The study, published in the February 2020 issue of Bone & Joint Research, showed that the combined use of rifampicin and other antibiotics were most effective when applied prior to treating injuries such as open fractures which frequently require debridement. The current operative care standards call for removing foreign objects from the body following a traumatic injury first, and administering antibiotics within six hours of injury. The new research shows that antibiotics should be administered within a short timeframe because bacteria can penetrate into cells as early as 15-30 minutes following infection.

“Characterizing the ability of bacteria to penetrate bone cells is critical to developing effective preventive and therapeutic strategies that maximize antimicrobial efficacy against both extracellular and intracellular musculoskeletal infection,” researchers wrote.
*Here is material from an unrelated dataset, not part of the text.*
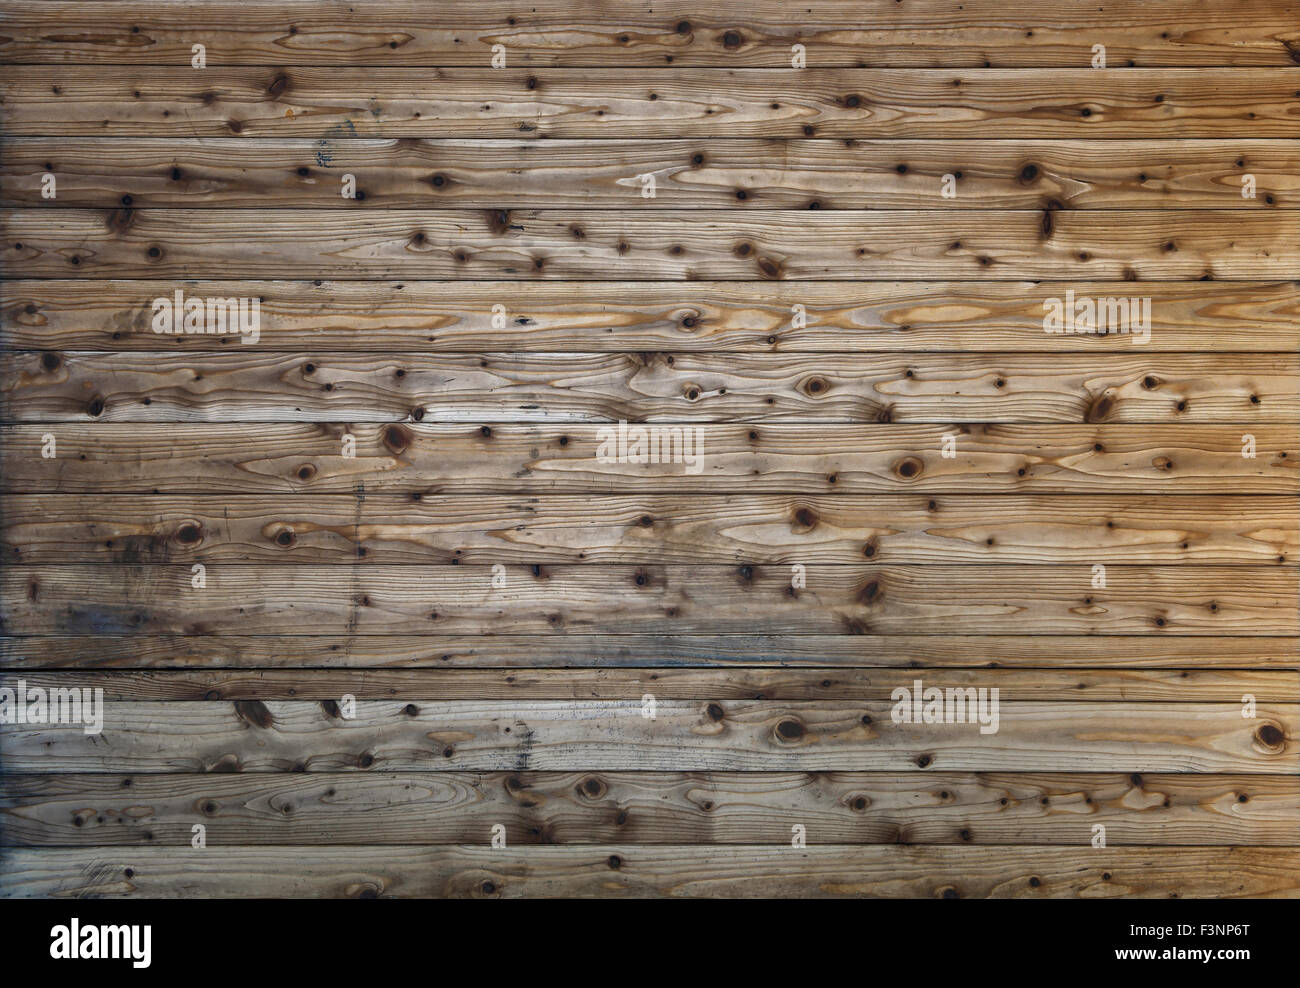 Vintage Holzplatte Hintergrund. Wohnhaft rustikale Kulisse. Tapete-Textur Stockfoto

Lee said that the findings could help surgeons adjust their treatment protocols ahead of surgery. Lee, an orthopaedic surgeon with expertise in musculoskeletal tumors and complex reconstructive surgeries, said that the ability of bacteria to evade “antimicrobial treatments suggest that conventional methods of infection prevention and management for bone infections may be need revised to target bacteria that start to hide in host tissues and cells.” That, he added, could lead to improved outcomes.

Staphylococcus aureus, the bacteria commonly known for staph infections, is the leading cause of chronic osteomyelitis, an infection of bone and bone marrow. Once the bacteria infiltrates cells like osteoblasts, which grow bone tissue, the infection becomes more difficult to treat and is able to persist and spread for an extended period of time, researchers wrote. The osteoblasts release the infection even as they release materials needed to stimulate further bone growth.

Using tissue similar to humans but found in mice, the researchers found that the combined use of rifampicin and other antibiotics amplified the cells ability to protect against MRSA-induced toxicity, or the spread of the bacteria to other cells. Gentamicin-containing compounds were found most effective in reducing intracellular MRSA bioburden, they wrote.

The research team included Lee, third-year medical student Kristin Yu, and researchers Jungho Back, Hyuk-Kwon Kwon, Hyunwoo Paco Kang, and Lee Song.

Dr. Lee’s research programs is funded by the National Institutes of Health and National Institute of Arthritis and Musculoskeletal and Skin Diseases (NIAMS). Dr. Lee currently serves as Chair of the NIH Skeletal Biology Structure Regeneration (SBSR) Study Section, Musculoskeletal Tumor Society Research Committee Chair, American Academy of Orthopaedic Surgeons Research Development Committee Chair, and Orthopaedic Research and Education Grant Committee.